Geologic formation in New Mexico, USA

The Arroyo Ojito Formation is a late Miocene geologic formation exposed near Albuquerque, New Mexico. It records deposition of sediments in the Albuquerque Basin of the Rio Grande Rift after full integration of the Rio Grande through the basin.

== Description ==
The Arroyo Ojito Formation is composed of sediments deposited from streams draining the Sierra Nacimiento, San Juan Basin, and southeastern Colorado Plateau. These are mostly moderately to poorly sorted arkosic sandstone, mudstone, and conglomerate. The upper beds are coarse and more poorly sorted. The formation rests on the Cerro Conejo Formation and is unconformably overlain by the Ceja Formation. The total thickness of the Arroyo Ojito is nearly 500 meters.

The formation is divided into the Navajo Draw, Loma Barbon, and Picuda Peak Member (in ascending stratigraphic order).
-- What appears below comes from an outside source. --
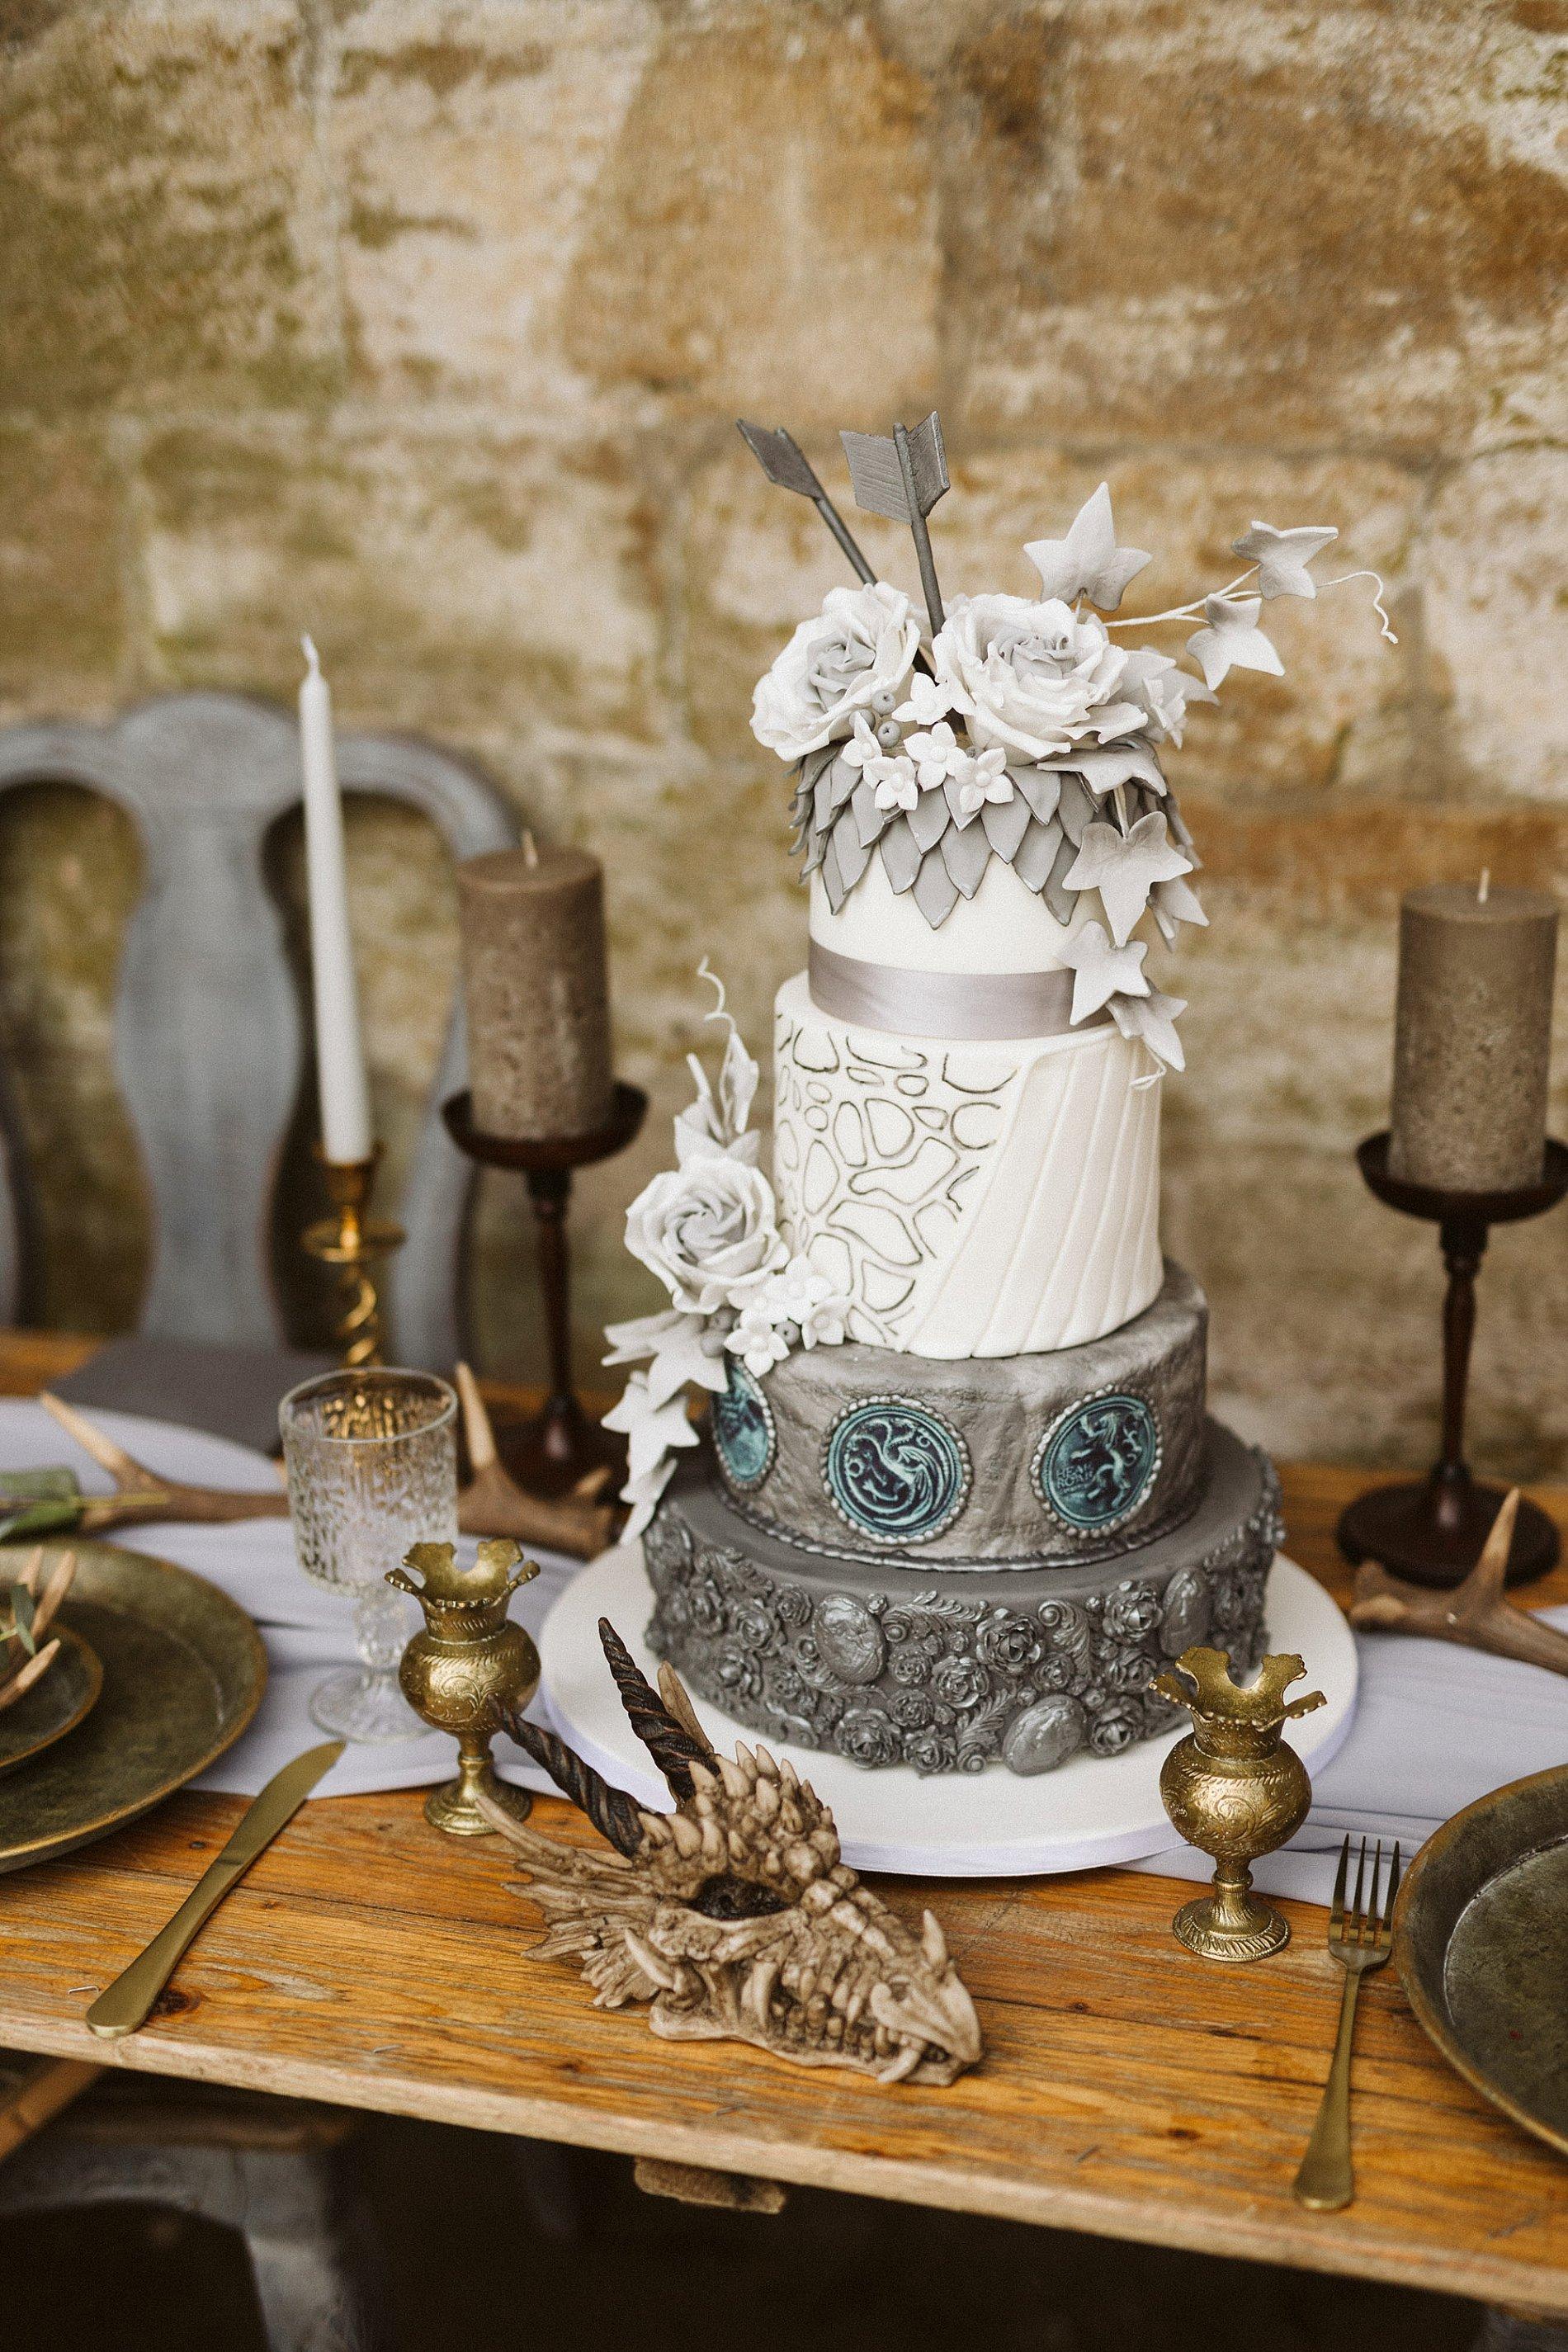 Game of Thrones Creative Bridal Shoot (c) Freya Raby (8)

The Navajo Draw Member consists of pale brown to pale yellow sandstone with some conglomerate lenses and mudstone deposited by numerous southeast-flowing rivers. The unit contains a basalt flow with an Ar-Ar age of 8.11 ± 0.05 million years (Ma), and a volcanic vent (Cerro Colorado) in the Rio Puerco valley with its base within the Navajo Draw has an Ar-Ar age of 7.1 ± 0.46 Ma.

The Loma Barbon Member is similar to the Navajo Draw, but is more poorly sorted and contains occasional mudstone beds. It contains volcanic tephra with an age of 6.8 to 7.1 Ma, identical to the Peralta Tuff Member of the Bearhead Rhyolite. The similarity in age with the Navajo Draw Member suggests the two members interfinger.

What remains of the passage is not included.